Masanın etrafını çevrelemiş bu kadar
insanın, dediklerinin hiç birini anlamadığım konuşmalarının ucu nasılsa dönüp
dolanıyor Seçilmiş Olan’ı yani beni buluyor yine. “Bir dakika,” diye
bağırıyorum. “Seçilmiş Olan yol gösterecekte ne demek oluyor.” Kendi
muhabbetlerine dalmış kalabalık ben bağırınca kelimelerini toplayıp bana
dönüyor. Sesimi düşürerek soruyorum. “Seçilmiş olan benim değil mi?”
Kıytırık bana dönüp ayağa kalkıyor.
“Sensin tabi ki,” diyor. “İki uzun tünel içindekilerine göre hareket eder
çünkü, götürmesi gerekeni gitmesi gerekene ulaştırmak için var edildi.”
“Bu ne demek şimdi?” diye kekeliyorum.
Bu ne demek gerçekten.
“Ben anlatayım,” diyor Şerefsiz.
Kıytırık, “Onurla,” deyip yerine
oturuyor.
Şerefsiz Kıytırık’a, “Onurunla var
ol,” diye karşılık veriyor önce, sonra bana dönüyor. “Yani eğer sen,
içindekiyle bütünleşebilirsen tüneller seninle konuşacak ve seni gitmen
gerekene götürecek.”
“İçimdekiyle mi,” diye yutkunuyorum.
Bütünleşmek mi? “İçimdeki de ne?”
Şerefsiz yanıtlamıyorbeni. Saatine göz
atıyor. “Bu kadar söz söylemek yeter,” diyor. “Haydi yol sır olmadan çıkın
artık.” Masayı çevreleyen yedi kişi Şerefsiz’in temennisiyle aynı anda
ayaklanıyor. Ben de kalkıyorum. Şerefsiz gidip kapının yanında dikiliyor. Odayı
boşaltmak için önünden geçen başıyla selam verip kapıdan çıkıyor.
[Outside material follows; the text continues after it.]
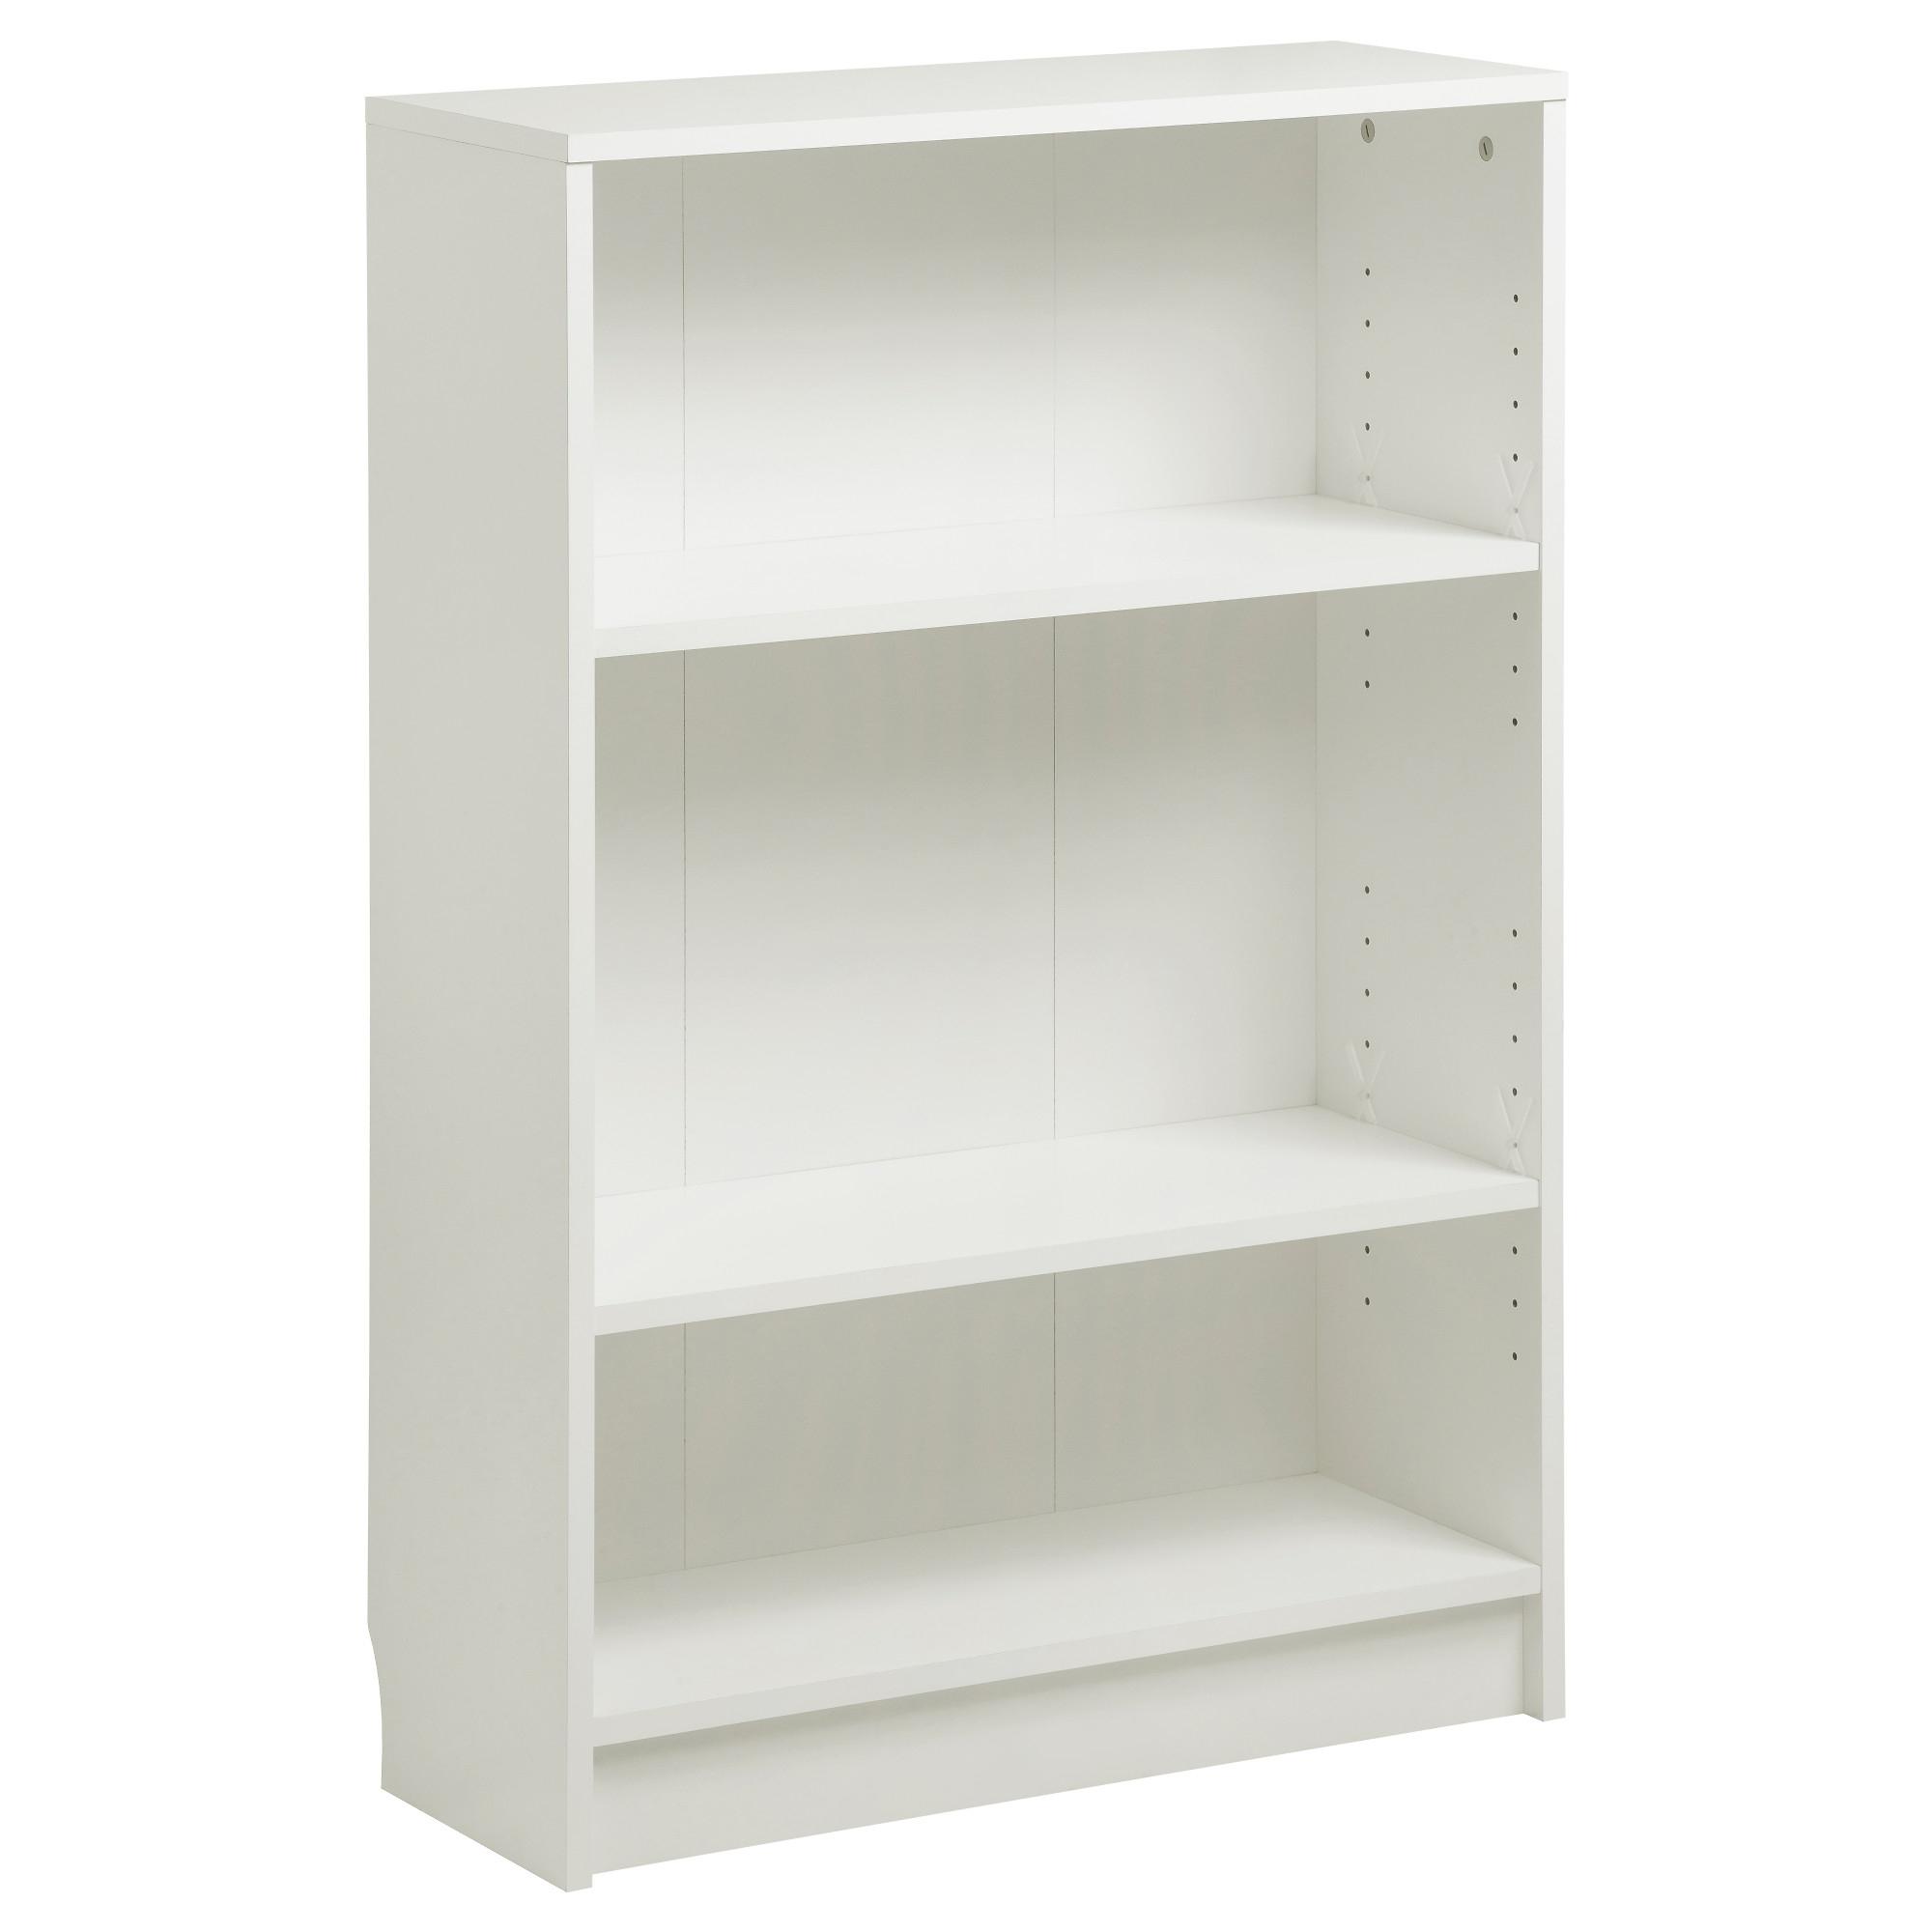 Ikea Regarding 2017 Ikea Corner Bookcases (Gallery 9 of 15)

Benimle sadece Çildekeş kalıyor.
Şerefsiz Çildekeş’e dönüyor. “Dört
üstün muhafız gelecek,” diyor. “Sonra birlikte çıkarsınız.” Gözleri dolmuş.
Yapacağımız yolculuk tehlikeli galiba. Boğuk bir sesle devam ediyor. ”Kutsiyet
yanınızda olsun, su kadar seri olun.”
Şerefsiz’i, “Su kadar aziz ol,”
diyerek selamlıyor Çildekeş.
Şerefsiz odadan çıkacakken duruyor,
dönüp yanıma geliyor. Elini omzuma koyuyor ve gözlerime diktiği gözleriyle
bakışlarını kaçırmadan eğiliyor. “Su gibi temiz ol,” diyor. “Su gibi saf ol ki
içindeki sana boyun eğebilsin.”
Sözünü bitirdiğini diğerlerinin
çıktığı kapıdan çıkıp Çildekeş’le beni odada yalnız bıraktığında anlıyorum
ancak.
Az sonra aynı kapıdan odaya giren dört
genç üniformalı adam giriyor. Dördüde benzer kıyafet giydiği için üniforma
diyorum. Birinin elinde küçük bir çanta var.
“Biz hazırız,” diye tekmil veriyor en
kısa boylu olan. “Emirlerinize uymak için emir aldık Yüce can.”
Çildekeş bana bakıyor önce. Sadece
yutkunuyorum. Sonra dört genç muhafıza dönüyor yine. “O zaman suyu almak için
suya gidelim,” diye emir veriyor.
“Işığımız olun lütfen,” diyor kısa
boylu genç.
Çildekeş hafif reveransla önümde
eğilerek kapıyı gösteriyor. “Seni tünelin ucuna götüreyim,” diye fısıldıyor.
“Sen de bizi gideceğimiz yere götür.”